— Task instructions —
The answer should hold exactly the lines of the entries below from the one containing "1 Mark 1873" through the last line, both included.

— Given records —
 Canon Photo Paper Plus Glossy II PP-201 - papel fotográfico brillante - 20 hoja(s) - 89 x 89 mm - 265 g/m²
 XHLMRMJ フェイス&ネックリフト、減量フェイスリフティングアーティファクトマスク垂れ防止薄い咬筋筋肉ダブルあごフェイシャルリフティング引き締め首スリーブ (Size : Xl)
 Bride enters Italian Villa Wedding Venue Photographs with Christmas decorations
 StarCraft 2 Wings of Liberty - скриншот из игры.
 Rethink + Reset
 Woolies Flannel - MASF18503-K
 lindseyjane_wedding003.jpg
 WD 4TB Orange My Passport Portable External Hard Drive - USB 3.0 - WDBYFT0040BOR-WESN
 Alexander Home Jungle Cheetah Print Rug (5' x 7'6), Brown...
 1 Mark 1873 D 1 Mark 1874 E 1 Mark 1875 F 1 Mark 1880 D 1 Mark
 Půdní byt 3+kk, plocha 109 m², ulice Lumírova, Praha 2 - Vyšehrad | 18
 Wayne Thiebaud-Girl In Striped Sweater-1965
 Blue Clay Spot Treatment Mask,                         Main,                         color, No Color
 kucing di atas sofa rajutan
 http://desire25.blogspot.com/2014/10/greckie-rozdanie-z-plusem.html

— Task result —
 1 Mark 1873 D 1 Mark 1874 E 1 Mark 1875 F 1 Mark 1880 D 1 Mark
 Půdní byt 3+kk, plocha 109 m², ulice Lumírova, Praha 2 - Vyšehrad | 18
 Wayne Thiebaud-Girl In Striped Sweater-1965
 Blue Clay Spot Treatment Mask,                         Main,                         color, No Color
 kucing di atas sofa rajutan
 http://desire25.blogspot.com/2014/10/greckie-rozdanie-z-plusem.html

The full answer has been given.